Lucy Barlow FRSA studied at Glasgow School of Art BA(Hons) Fine Art Sculpture 1993-1996, and Middlesex University BA(Hons) 3D Design 1991-1993. In 2019 Lucy was awarded a residency at Hospitalfield House in Arbroath, and was also a finalist for the 1st Plinth Award from the Royal Society of Sculptors. For the past twenty years Lucy has walked, photographed and drawn the landscape of Loch Ewe; from Inverasdale to Camus Mor.
The Munro Legacy
by The Munro Society
1st June - 27th June
March 2019 marked the centenary of the death of Sir Hugh Munro, author of Munro's Tables, which listed the Scottish mountains of 3000 feet or more. In the last 100 years, climbing the 282 'Munros' has become a remarkably popular activity. Within 15 miles of Gairloch there are 17 Munros, including some of the finest such as An Teallach, Liathach, Beinn Alligin, A' Mhaighdean and Slioch.

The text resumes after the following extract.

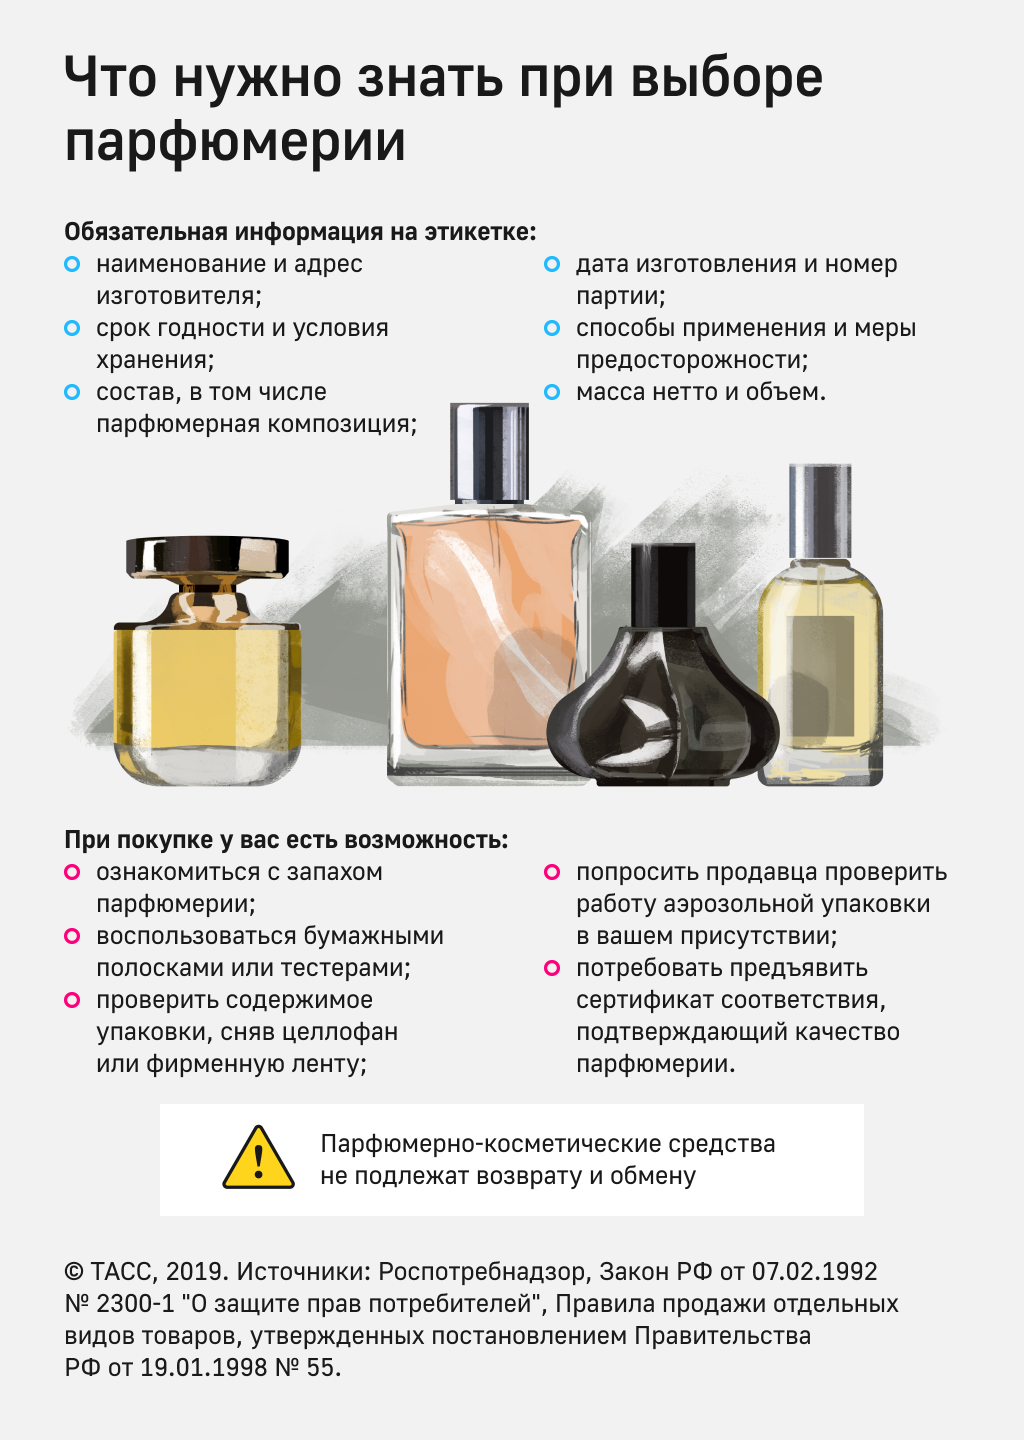 Что нужно знать при выборе парфюмерии.png
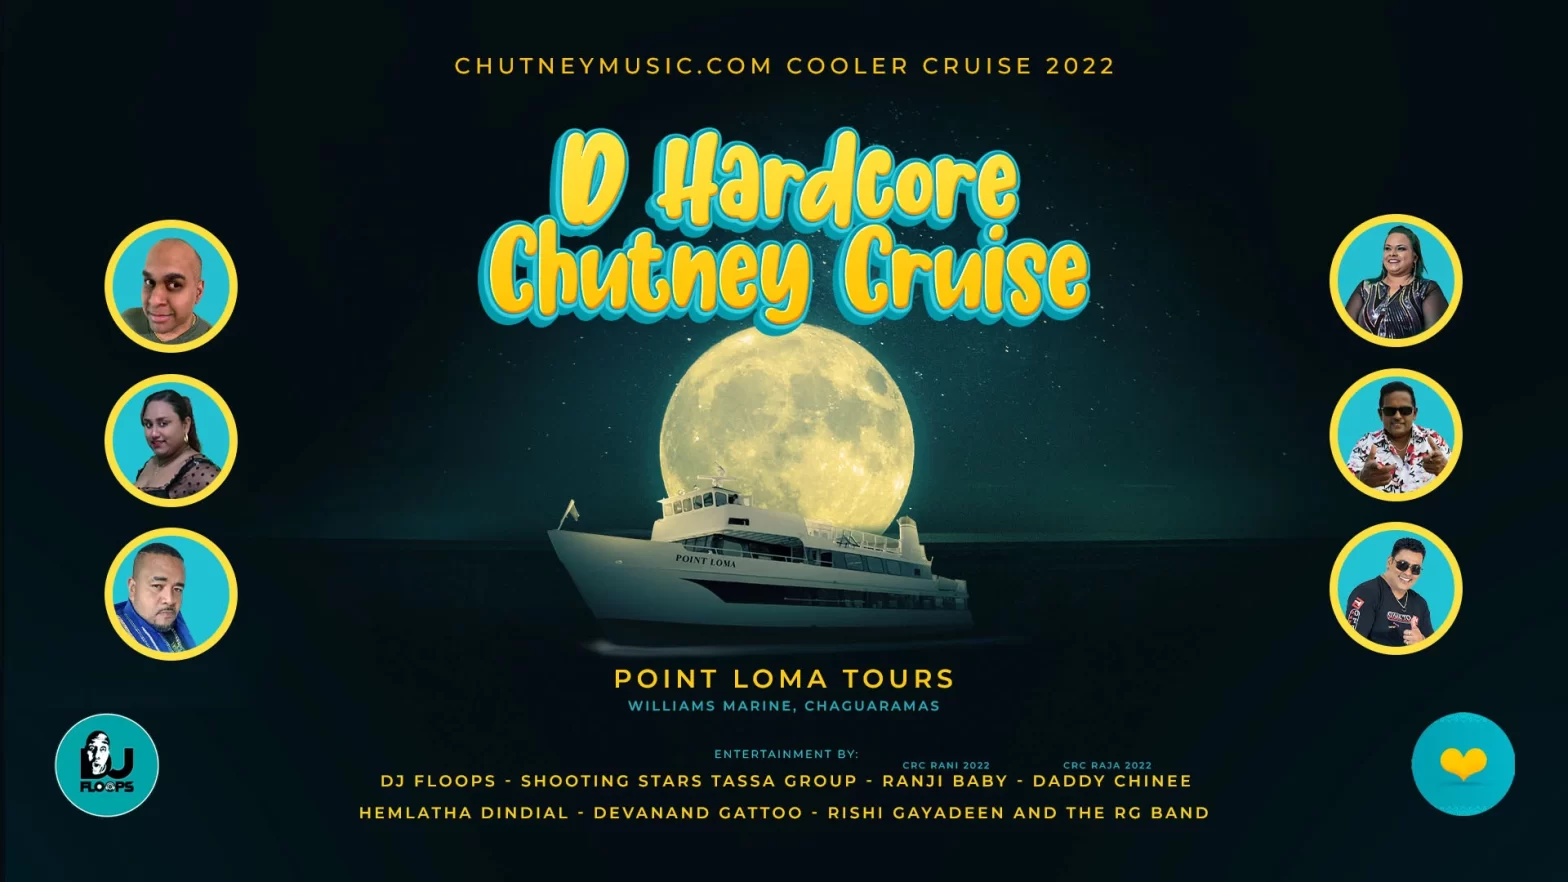 Chutney Cooler Cruise 2022 (D HARDCORE CHUTNEY CRUISE)￼

To mark the anniversary of Sir Hugh Munro’s death, the Munro Society has produced an exhibition about the story of the Munro phenomenon. This exhibition has been exhibited around Scotland, including in the Scottish Parliament. We are delighted to have secured the exhibition for Gairloch Museum during June 2020.
Near and Far
by Sarah Milteer
4th Jul - 22nd Aug
Preview Fri 3rd Jul 7.30pm
In this exhibition, Sarah Milteer uses her collection of historic postcards, vintage photographs, family pictures and her own photographic sources to create paintings that combine personal and family history with her continuing experience exploring the Gairloch area’s distinct landscape.
Sarah Milteer (b.1969) spent her childhood in Badachro and Gairloch and was taught art by Pat Gulliver at Gairloch High School for 12 years. In her last year of secondary school, she spent a year in Edinburgh learning from Mark Cheverton, who founded the Leith School of Art in Edinburgh. Sarah then attended Glasgow School of Art and graduated in 1992 with a Bachelor of Fine Art with Honours Degree, specialising in photography. Sarah has participated in numerous solo and group exhibitions and her work is in many private collections. Sarah's acrylic, oil and watercolour paintings relate to her love of Wester Ross landscapes and people.
Landscape and Memory
by Kittie Jones
29th Aug - 24th Oct
Preview Fri 28th Aug 7.30pm
This exhibition, by award winning artist Kittie Jones, reflects a number of trips she has made along the West Coast in the past twelve months. The places which have inspired this body of work include St Kilda, the Shiant Islands, Colonsay and the island of Handa. Kittie’s focus is on the wildlife she encounters whilst out and about in the natural world. The majority of her dynamic, mixed media drawings are made outdoors. She works with expressive marks, using charcoal, pastel, ink and gouache to capture light and movement in the landscapes she encounters.
In the exhibition, Kittie explores ideas around landscape and memory. Work made on location is shown alongside work exploring the experience and physical memory of landscape and the creatures that inhabit it. Part of Kittie’s drive is to document and celebrate the overlooked. She regularly seeks places where she can view the dynamic natural environment without being noticed.
Kittie Jones completed her degree in Fine Art at Edinburgh College of Art and Edinburgh University, graduating in 2008. Her practice covers the disciplines of drawing, painting and printmaking. The ideas in her work derive from time spent outdoors where she aims to capture the intensity of directly experiencing the natural world. Kittie exhibits work throughout the UK and is a professional member of the Society of Wildlife Artists and Visual Arts Scotland. She has taught across the UK, currently she teaches at Bridge House Art in Ullapool and for the National Galleries of Scotland.